A missing point in favor of coordination getting easier: AI safety as a field seems likely to mature over time, and as it does the argument "let's postpone running this AGI code until we first solve x" may become more compelling, as x increases in legibility and tractability.
elityre makes a sincere effort to examination of the question from the ground up. But this overlooks the work that's already been done in similar fields. A lot of what has been accomplished with regard to applied genetic research is likely to be transferable, for instance.
More generally, formal methods of safety engineering can provide a useful framework, when adapted flexibly to reflect novel aspects of the question.
Are there existing agreements constraining the deployment of applied genetic research? What are the keywords I should search for, if I want to know more?

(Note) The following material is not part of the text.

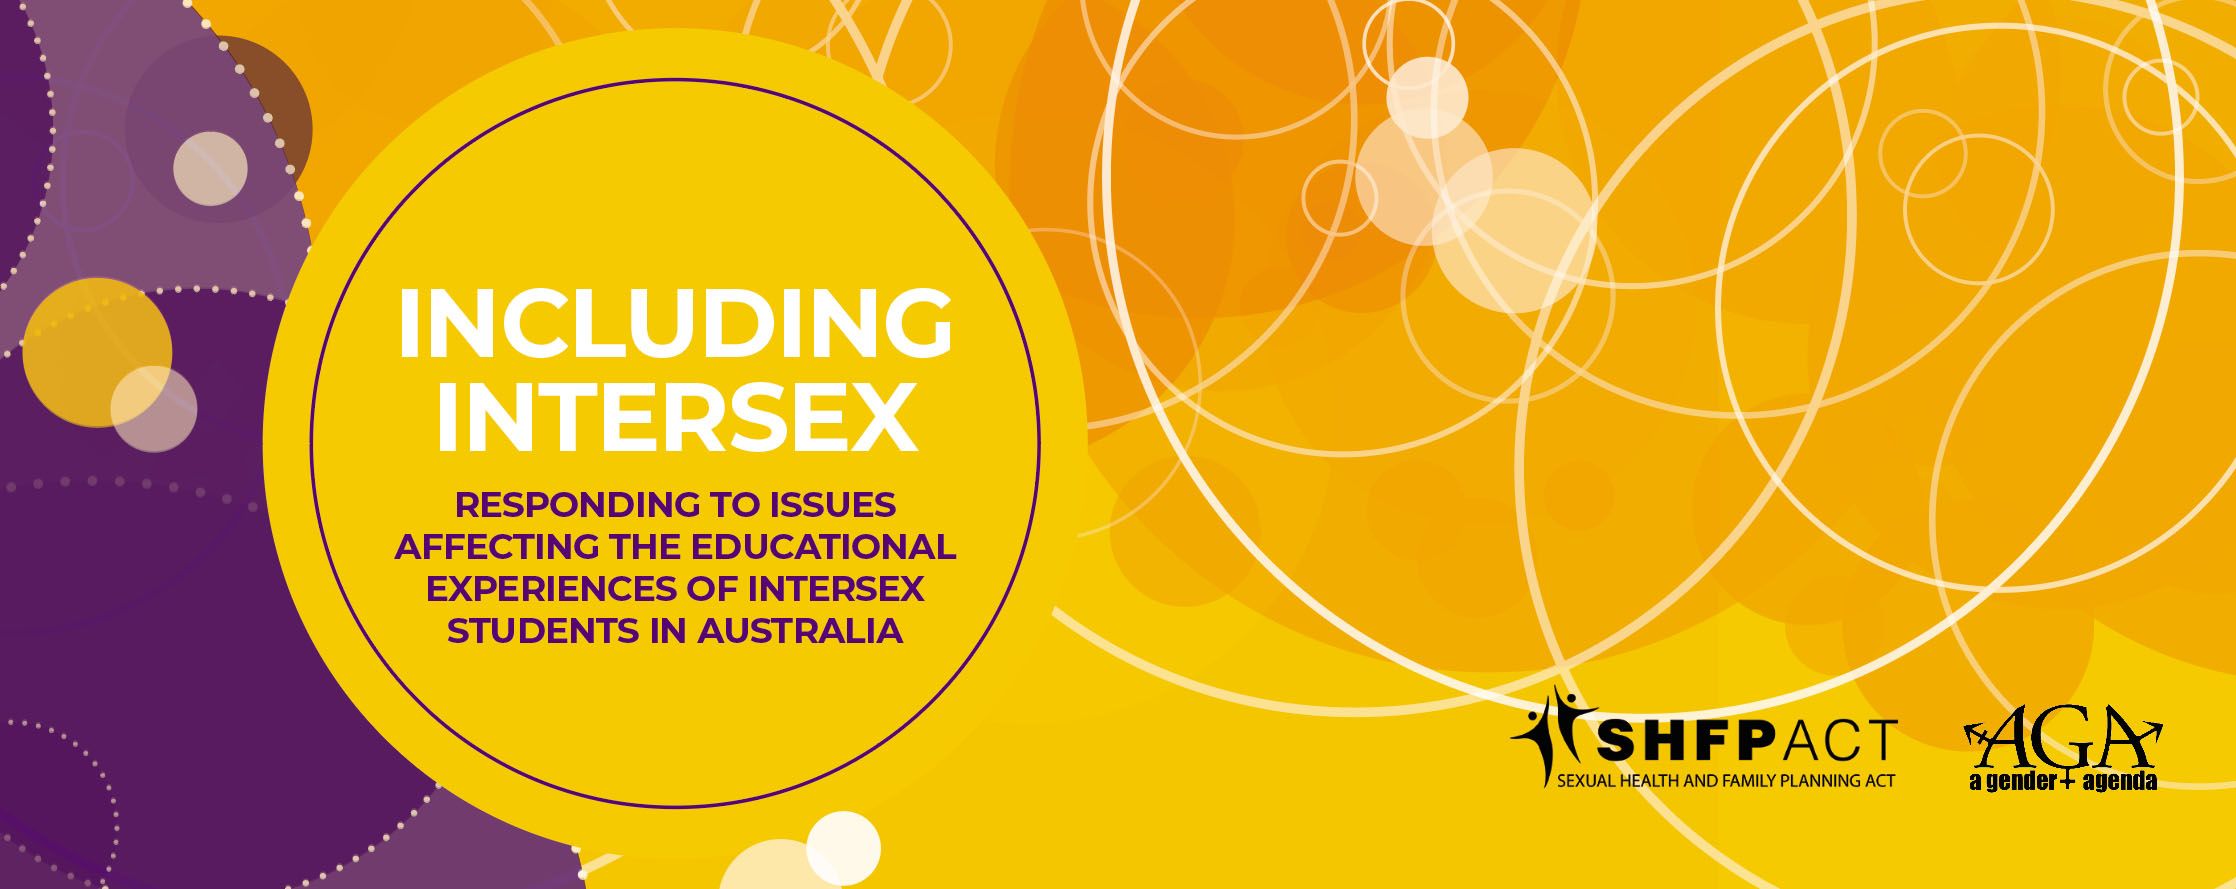 Including Intersex: responding to issues affecting the educational experiences of intersex students in Australia

The only thing I know about this area is that an unaffiliated researcher used CRISPR to modify human embryos, and that most of the field rebuked him for it. This suggests that there are general norms about which experiments are irresponisble to try, but not strong coordination that prevents those experiments from being done.

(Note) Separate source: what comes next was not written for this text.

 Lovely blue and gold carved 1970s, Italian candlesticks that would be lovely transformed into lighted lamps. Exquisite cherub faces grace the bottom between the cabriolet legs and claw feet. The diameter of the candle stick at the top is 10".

I suspect that one of the factors that will make coordinating to not build AGI harder is that the incentive to build AGI will become greater for a larger amount of people. Right now, there's a large class of people who view AI as a benign technology, that will bring about large amounts of economic growth, and that it's effects are going to be widespread and positive. I think this position is best captured by Andew Ng when he says "AI is the new electricity". Likewise, the Whitehouse states "Artificial intelligence holds the promise of great benefits for American workers, with the potential to improve safety, increase productivity, and create new industries we can’t yet imagine.".
However, as time goes by AI capabilities grow and so will public demonstrations of what's possible with AI. This will cause people to revise upwards their beliefs about the impact/power of AI and AGI and drag far more actors into the game. I think that if the Whitehouse shared the views of DeepMind or OpenAI on AGI, they wouldn't hesitate to start the equivalent of a second Manhattan project.

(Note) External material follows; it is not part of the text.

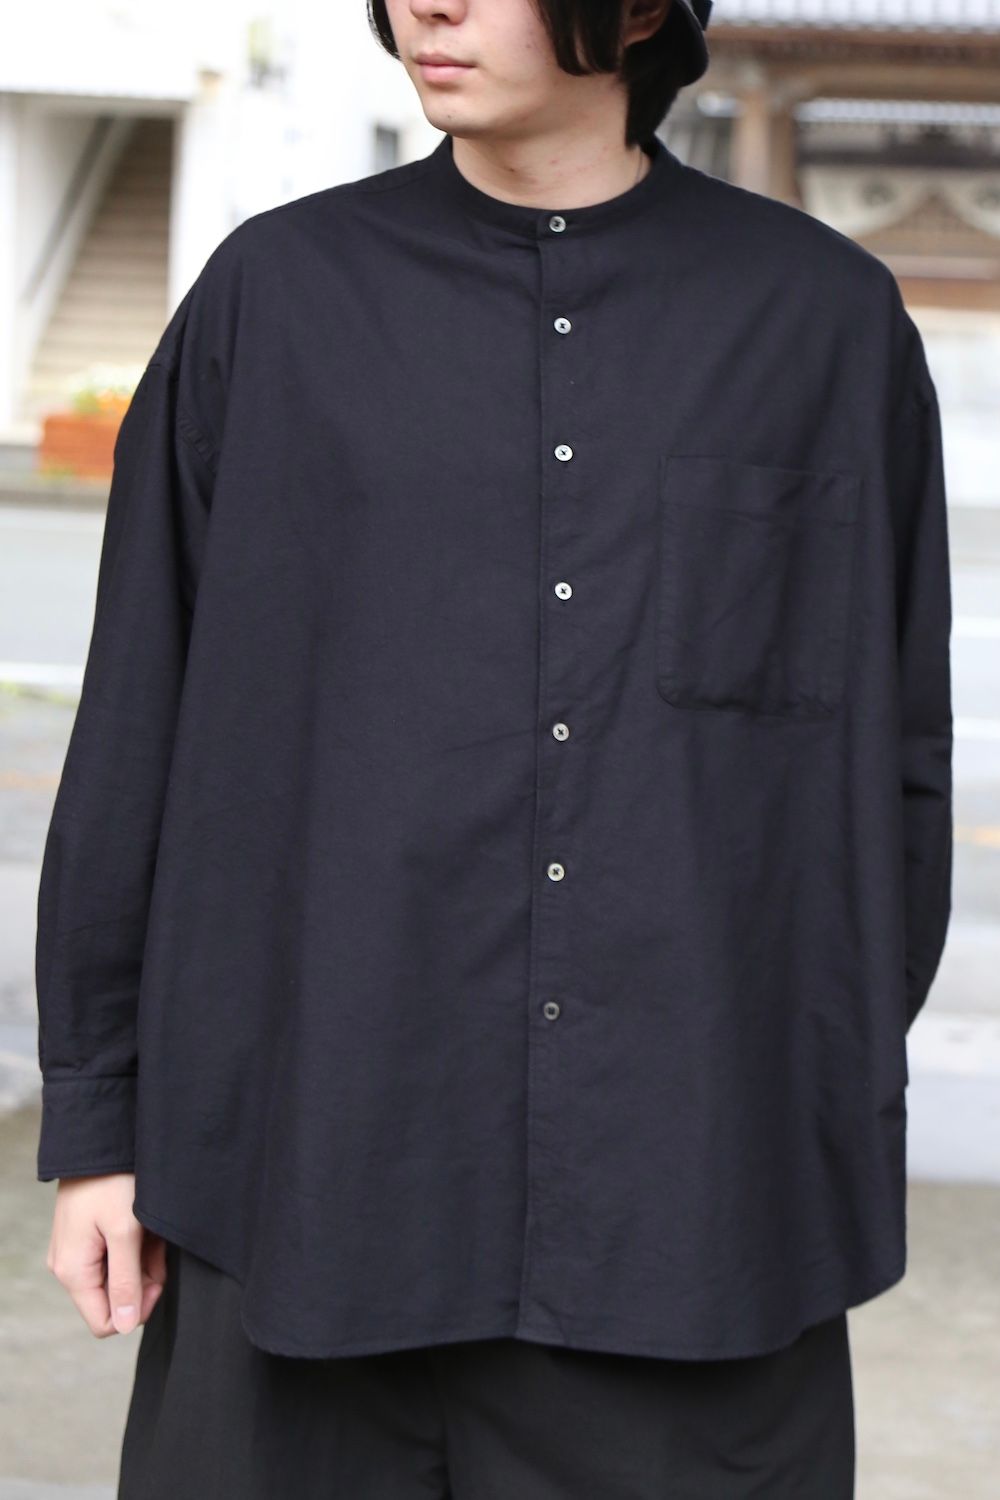 Graphpaper Oxford Oversized Band Collar Shirt style.2021.3.20

New consideration: hyperbolic time discounting suggests it gets harder over time. It's easier to lose a benefit that seems far off in the future than to lose a benefit that seems imminent.
(Though usually I think of this consideration as suggesting that coordination right now will be easier than we think.)
Hyperbolic discounting applies to negative as well, correct? Which means this could go either way.
In what situation should a longtermist (a person who cares about people in the future as much as they care about people in the present) ever do hyperbolic discounting
The question makes the assumption that "The World" is in any way coordinating or will ever coordinate to build AGI. I posit that "The World" has not and will not coordinate anything.
Are there global corporations and super power governments that are coordinating AI projects? Yes, but its not a singular AI project, The AI-sphere contains multitudes.
Also, AGI is a specific term and although its become more popular, its mostly a term Goertzel created because the term "AI" was being improperly used to label even simplistic statistical models like deep learning networks. At least that is how I saw it when I first read the term. I'm still looking for a free copy of AGI Revolution.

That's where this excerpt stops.